== INSTRUCTIONS TO FOLLOW ==
Set down each line of the material that follows exactly, and leave its pictures out.

== DATASET EXCERPT ==
★ ★ ★ ★
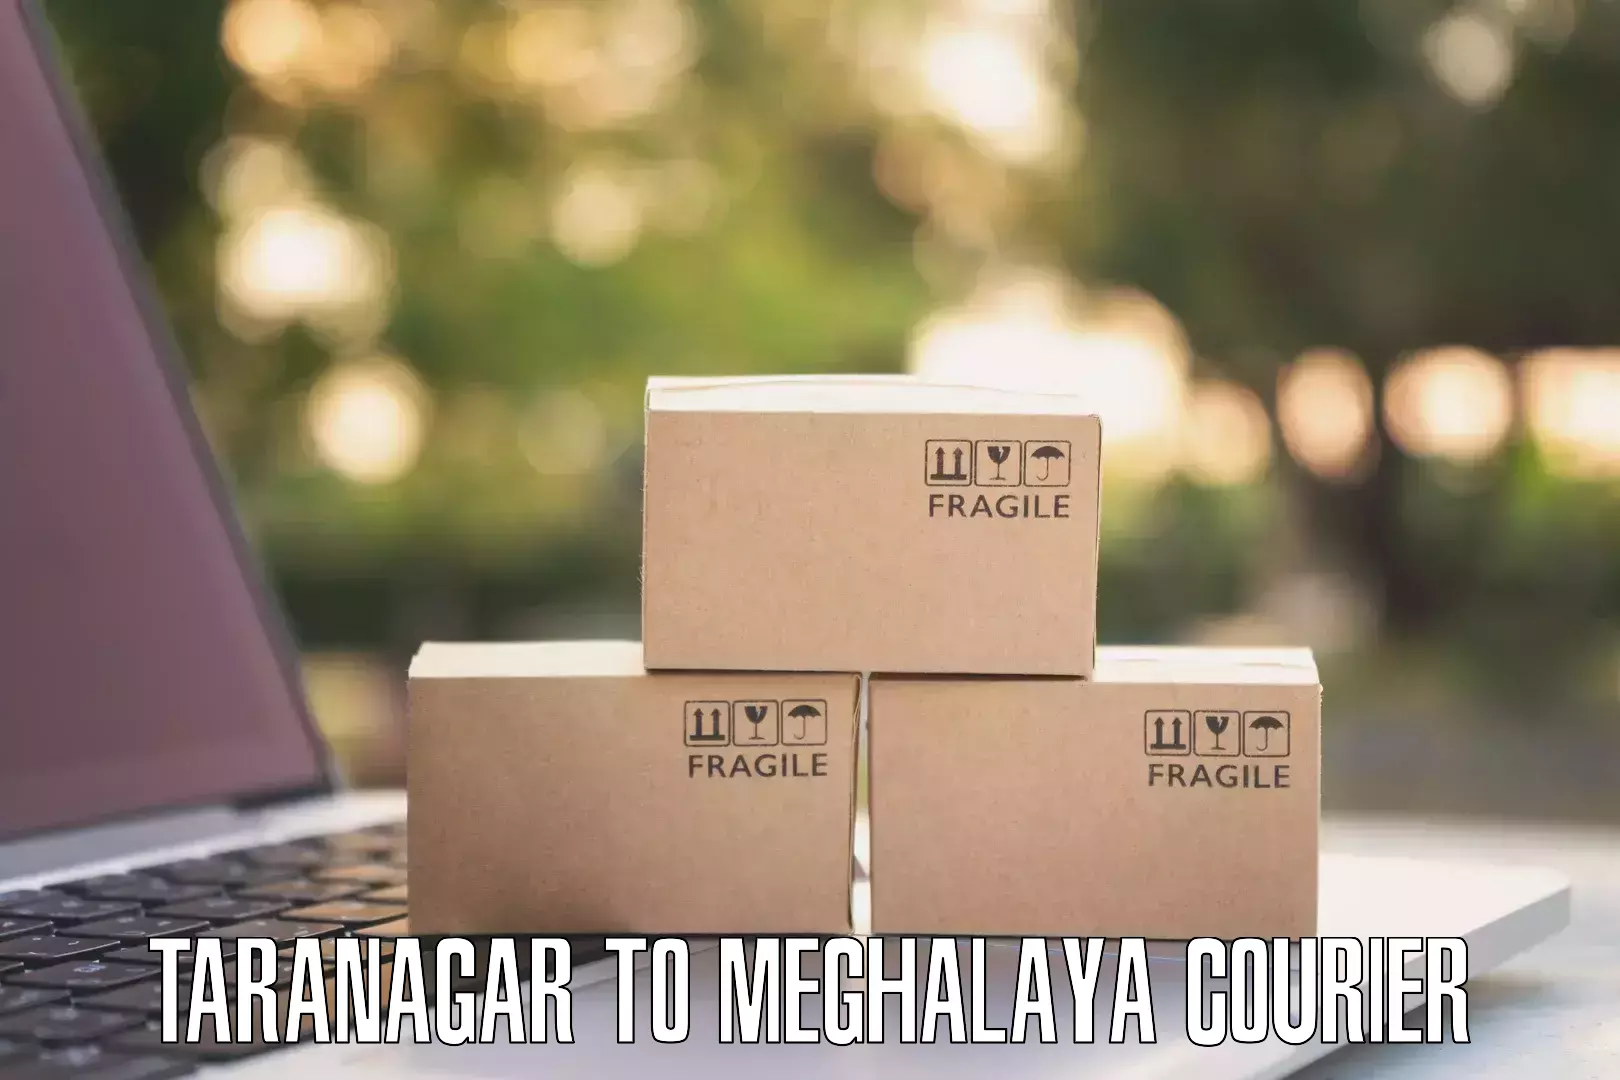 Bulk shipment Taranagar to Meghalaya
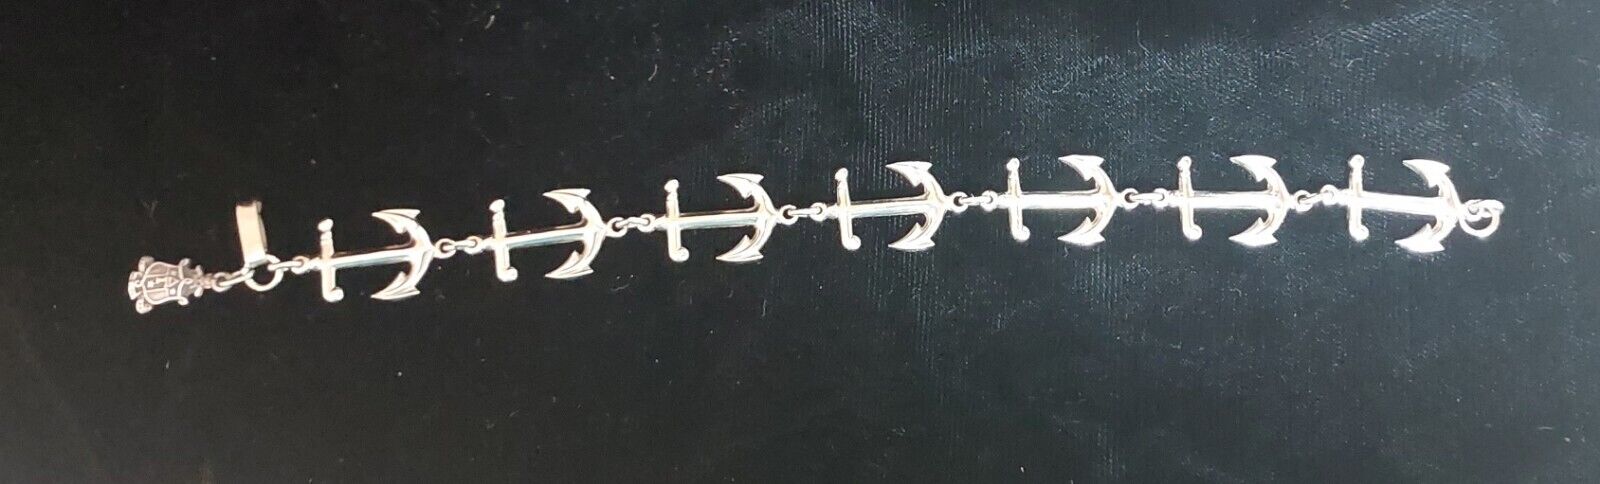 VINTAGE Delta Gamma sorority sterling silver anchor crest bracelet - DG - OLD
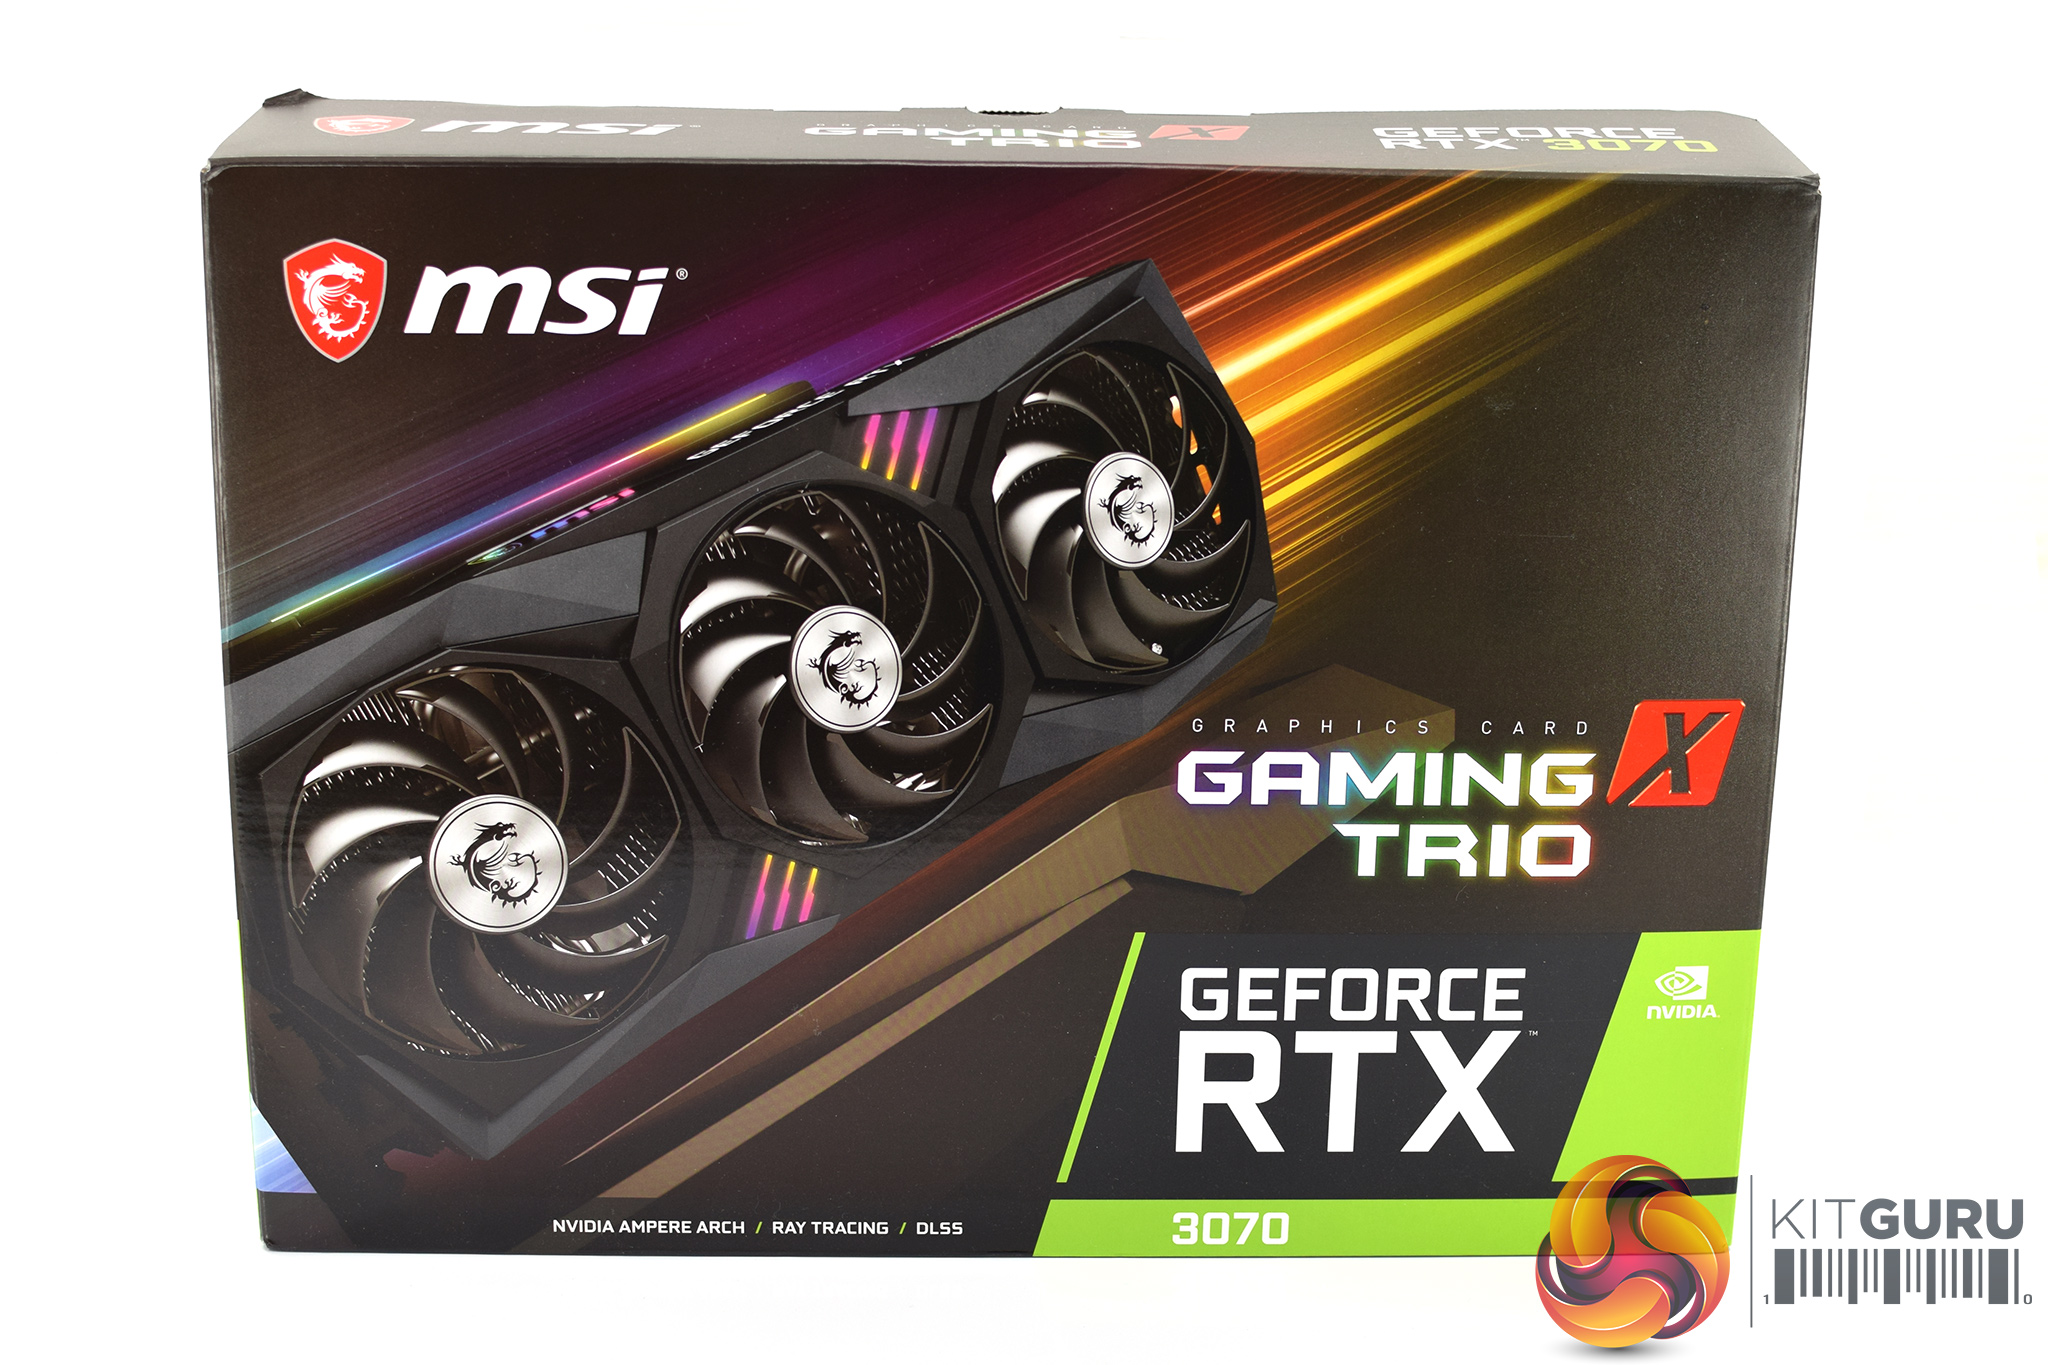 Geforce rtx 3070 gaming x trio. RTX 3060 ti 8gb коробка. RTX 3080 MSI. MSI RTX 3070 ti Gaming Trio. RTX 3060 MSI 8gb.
★ ★ ★ ★
== OUTPUT BELOW ==
 Bulk shipment Taranagar to Meghalaya
 VINTAGE Delta Gamma sorority sterling silver anchor crest bracelet - DG - OLD
 Geforce rtx 3070 gaming x trio. RTX 3060 ti 8gb коробка. RTX 3080 MSI. MSI RTX 3070 ti Gaming Trio. RTX 3060 MSI 8gb.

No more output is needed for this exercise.